In Victoria, only a patient may initiate a conversation regarding voluntary assisted dying (section 8 of the Victorian Act).
In Western Australia, a medical practitioner or nurse practitioner may initiate a discussion about voluntary assisted dying if the practitioner also informs the person about the treatment options available and the likely outcomes of the treatment options, and the palliative care and treatment options available to the person and likely outcomes (section 10 WA Act).
AMA (NSW) submits that clause 10 (3) should be removed from the NSW Bill as a discussion regarding voluntary assisted dying is not a discussion for an acute setting and is undertaken by a medical practitioner ideally as part of a considered discussion and as to treatment options of palliative care and voluntary assisted dying.
Offences
AMA (NSW) encourages a review of the provisions of Part 7 of the Bill.
There are some provisions in Part 7 that could be better expressed to make it clearer to those participating in the voluntary assisted dying process what their obligations are and the consequences for failing to meet them. For example, section 129 might be amended to reflect that following revocation of a self-administration order after an authorised supplier has supplied a prescribed substance for the patient, should the contact person fail to give the prescribed substance to an authorised disposer as soon as practicable and not later than 14 days after the day on which the decision is revoked, commits an offence.

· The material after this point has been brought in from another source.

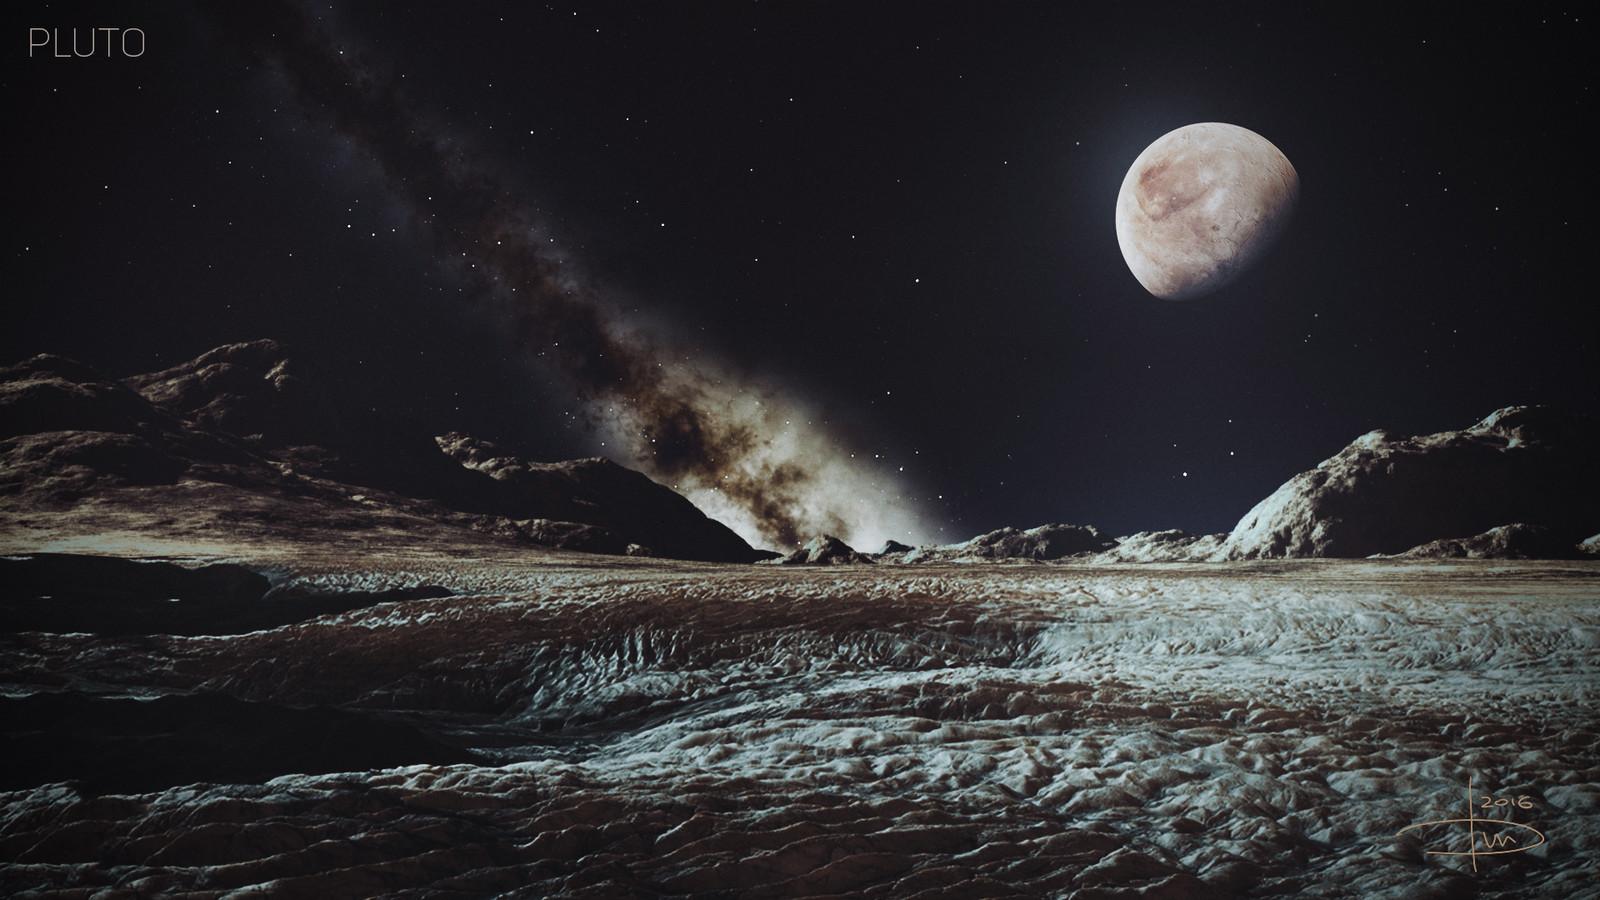 Pluto <3

For provisions such as section 123 (unauthorised administration of a prescribed substance), consideration should be given as to whether, given the penalty, there should be an element of intention. The Victorian Act includes an element of intention in a number of offences.

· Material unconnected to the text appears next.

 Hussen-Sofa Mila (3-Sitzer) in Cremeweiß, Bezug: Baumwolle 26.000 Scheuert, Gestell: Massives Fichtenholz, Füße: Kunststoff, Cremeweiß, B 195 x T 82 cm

The penalties for offences between jurisdictions vary considerably in some instances. For example, inducing the self-administration of a voluntary assisted dying substance is punishable by 6 years imprisonment and or 600 penalty units in Victoria. In NSW and WA, it is punishable by life imprisonment. It is important to understand the rationale for the position that will be adopted in New South Wales on these issues.

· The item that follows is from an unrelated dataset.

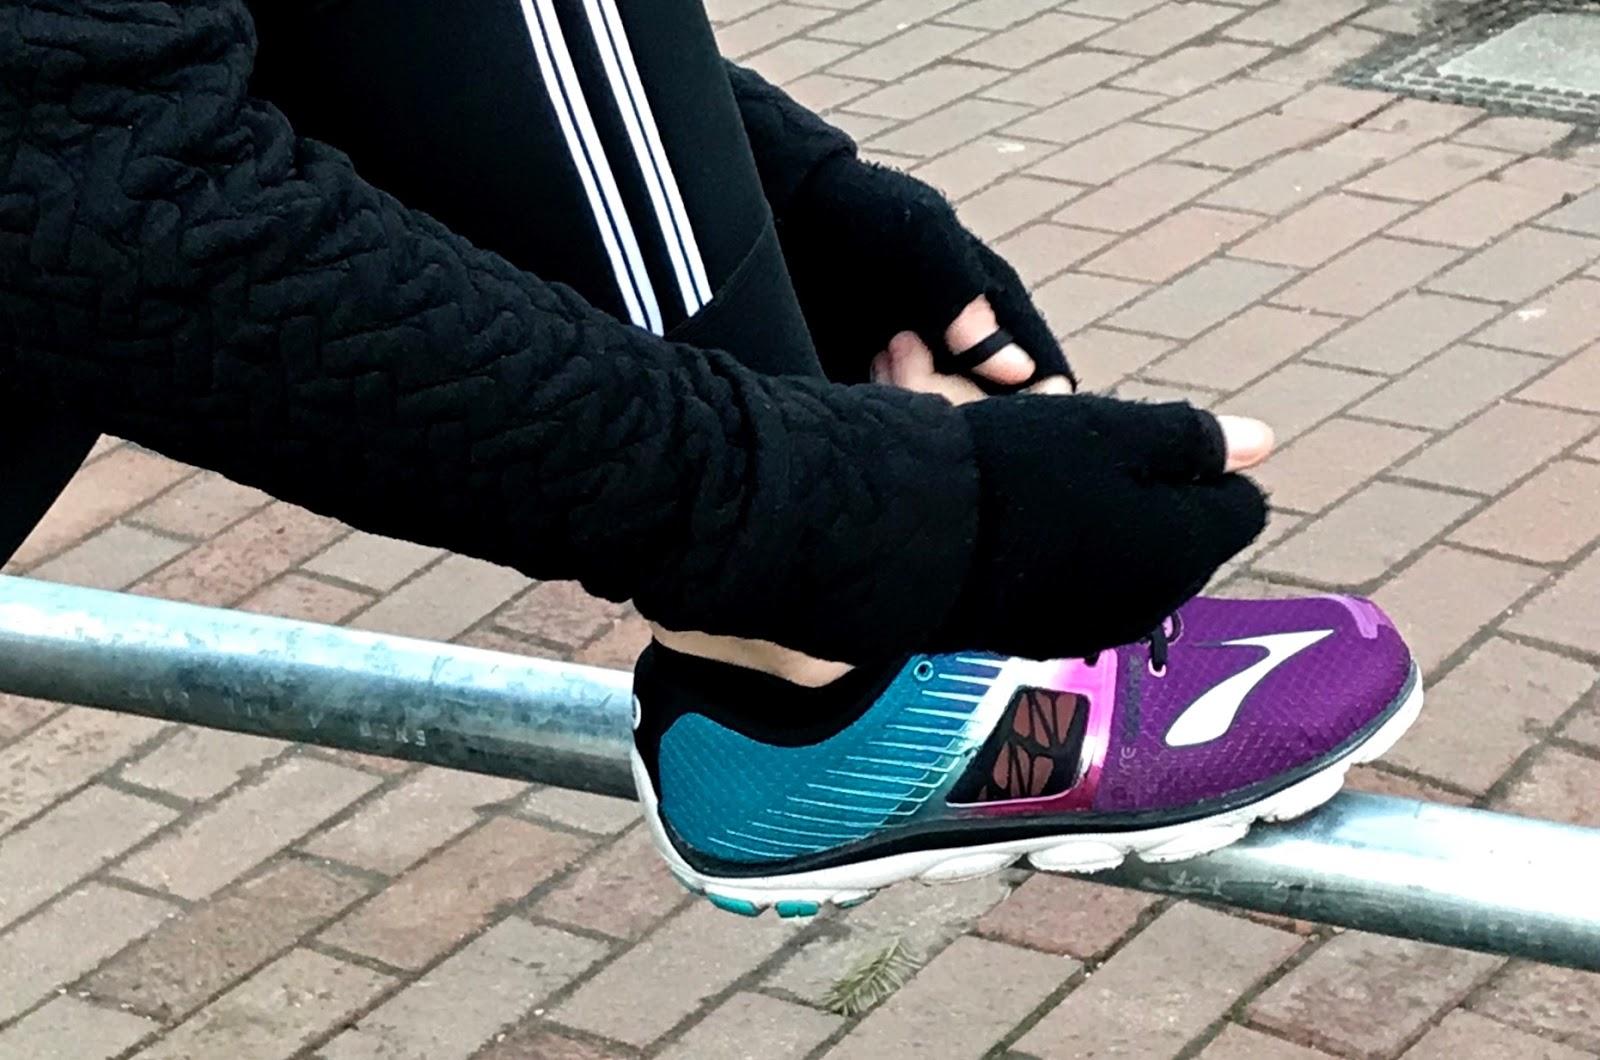 tying sneakers

While the term ‘pressure or duress’ is defined in the NSW Bill to include undue influence, coercion, intimidation and threats, the use of two terms suggests there may be a distinction between the two. The WA Act uses the term ‘coercion’ and in Victoria ‘undue influence’. AMA (NSW) submits the preferable course would be for NSW to take the same approach.
The NSW Bill is silent on penalties for corporations. Under the Victorian Act there are penalties for corporations as well as individuals. AMA (NSW) submits that consideration to penalties for offences committed by corporations should be considered.
AMA (NSW) also submits that the penalties for the failure to submit paperwork within a designated timeframe are unnecessary (for example clause 30(2) of the NSW Bill.
AMA (NSW) submits that medical practitioners have a professional obligation to act in a patient’s best interest which includes ensuring they comply with relevant statutory requirements. If a medical practitioner fails to do so, there are existing regulatory processes that would be followed.
Palliative care funding
Whether the NSW Bill (in its current form or amended form) becomes law in NSW, there is an urgent need for greater funding and resourcing for palliative care services in NSW. Patients facing end-of-life decisions and with time-limiting illnesses must be provided with information and access to all available options.
People with life-limiting conditions deserve comprehensive support and access to all information and options for their futures.